Agreed. I was under the impression that at least someone in this thread thought a 20 was as good as a 94.
What happens if you go to a site for a small bit of information but the site hasn't been updated in a while
If it's info I'm after, and my web browser is making a mess of the layout, I'll shut off its style sheet to read the info.
There is no reason to simply drop compatibility modes for the sake of enforcing standards
Unless the compatibility modes increase the complexity of testing the application. Having the equivalent of six rendering engines (one for today's code and one to match the defects in five previous browsers) makes testing take several times longer and allows more of a chance for crash
Still the slowest browser. (Score:5, Interesting)
Yes, even slower than IE8. From start up times to rendering pages firefox is by far the slowest. If you don't believe me download IE8, use it for a week, and you'll see for yourself. IE8 sucks for other reasons (crashes more, no plugins, forgets log-ins), and firefox is my main browser, but it is seriously falling behind. It's speed, private browsing, and I would argue even security (no sandbox/protected mode) are subpar compared to the competition.
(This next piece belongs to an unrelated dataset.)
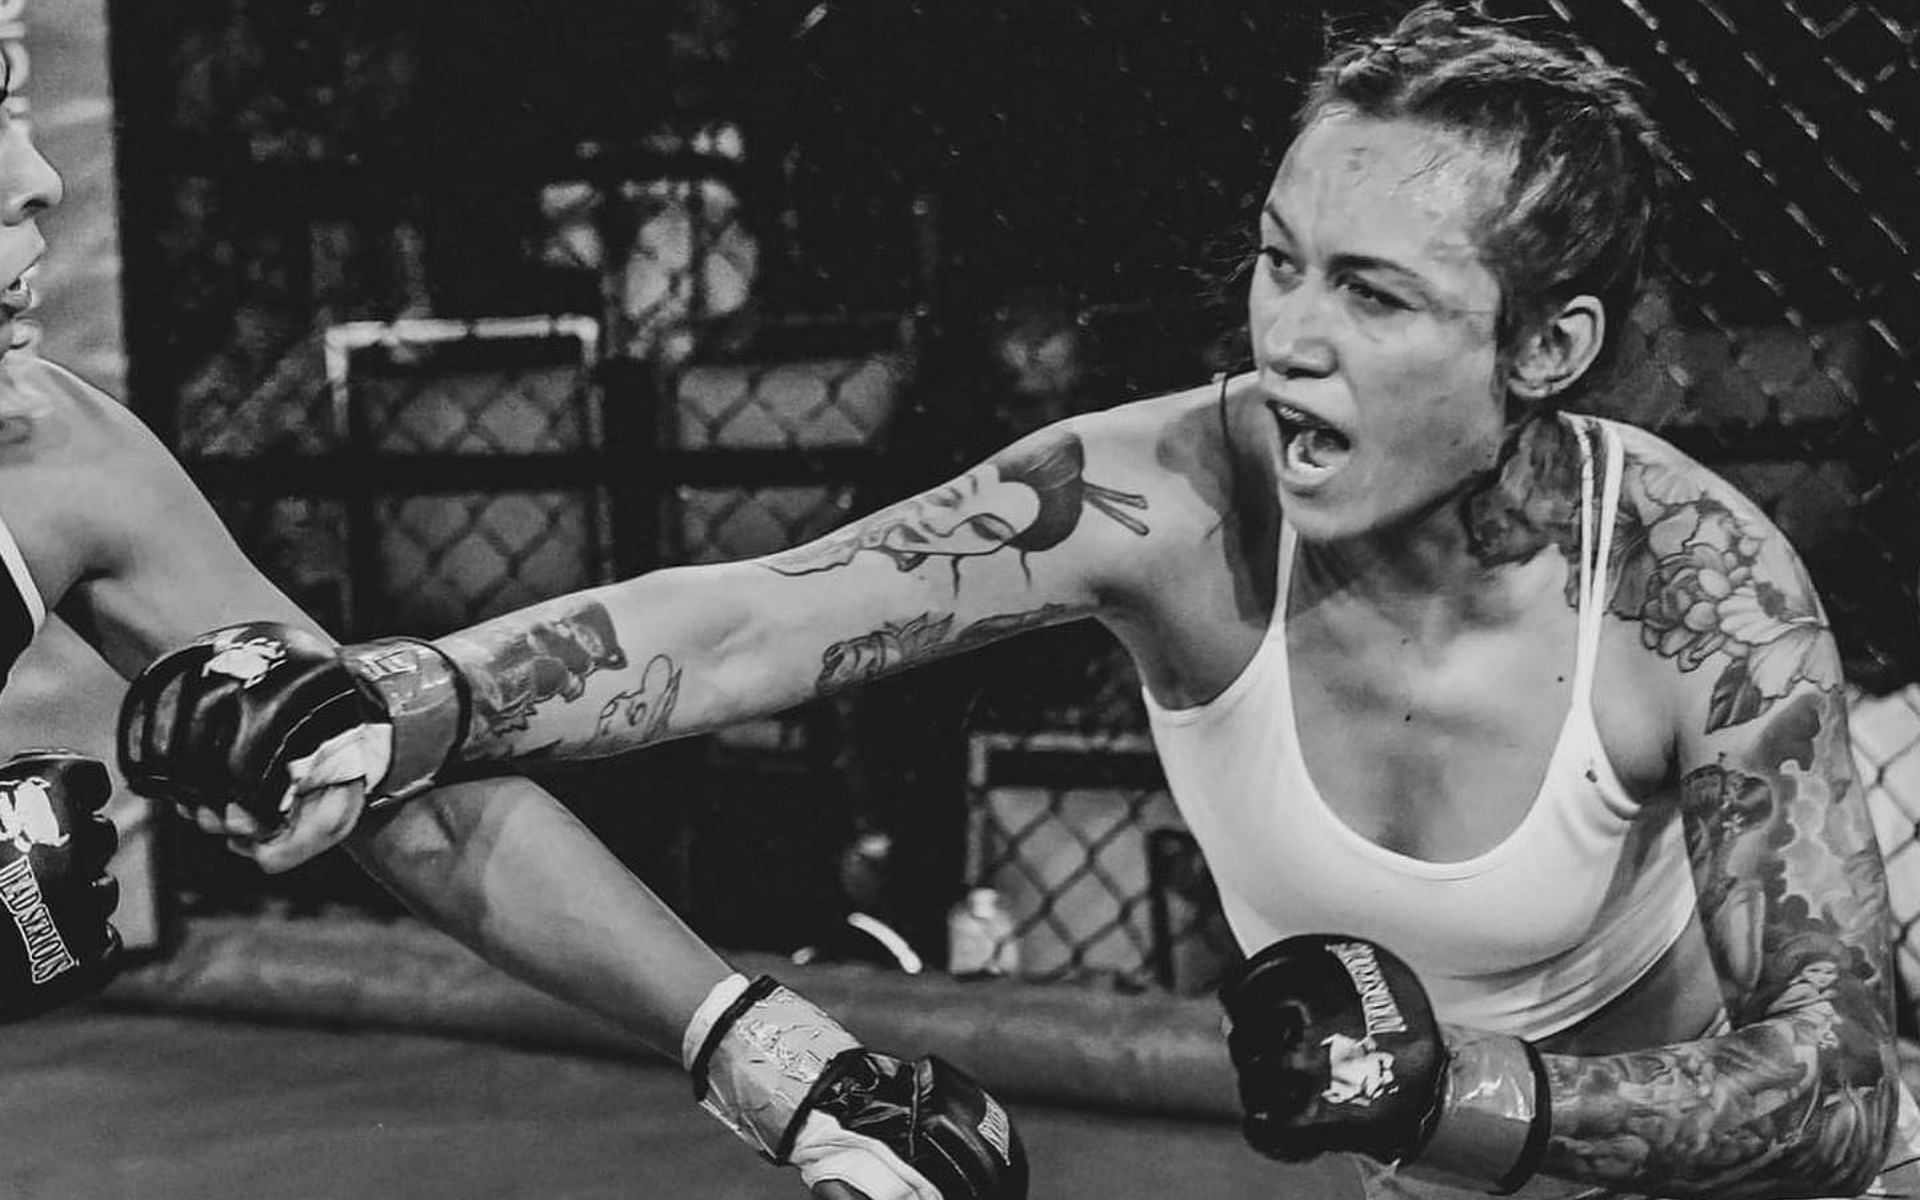 Strawweight prospect Sherry Schmidt has passed away after a tragic car accident [Image Credit: Instagram.com/@ohhsherry_]

And they really need to fix private browsing, it's pretty sad when an IE feature works better than the open source alternative. As repeated ad-nauseum here firefox is still my main browser due to plugins, but everytime the browser freezes because one tab decides it wants to do something I re-evaluate this decision.
Re:Still the slowest browser. (Score:5, Informative)
What is decent? (Score:2)
I don't think anyone with a decent PC is going to be frustrated by the performance on 3.5
I don't understand what you mean by "decent". Low-cost subnotebook PCs optimized for size and battery life over CPU speed have become popular over the past year; are those "indecent"?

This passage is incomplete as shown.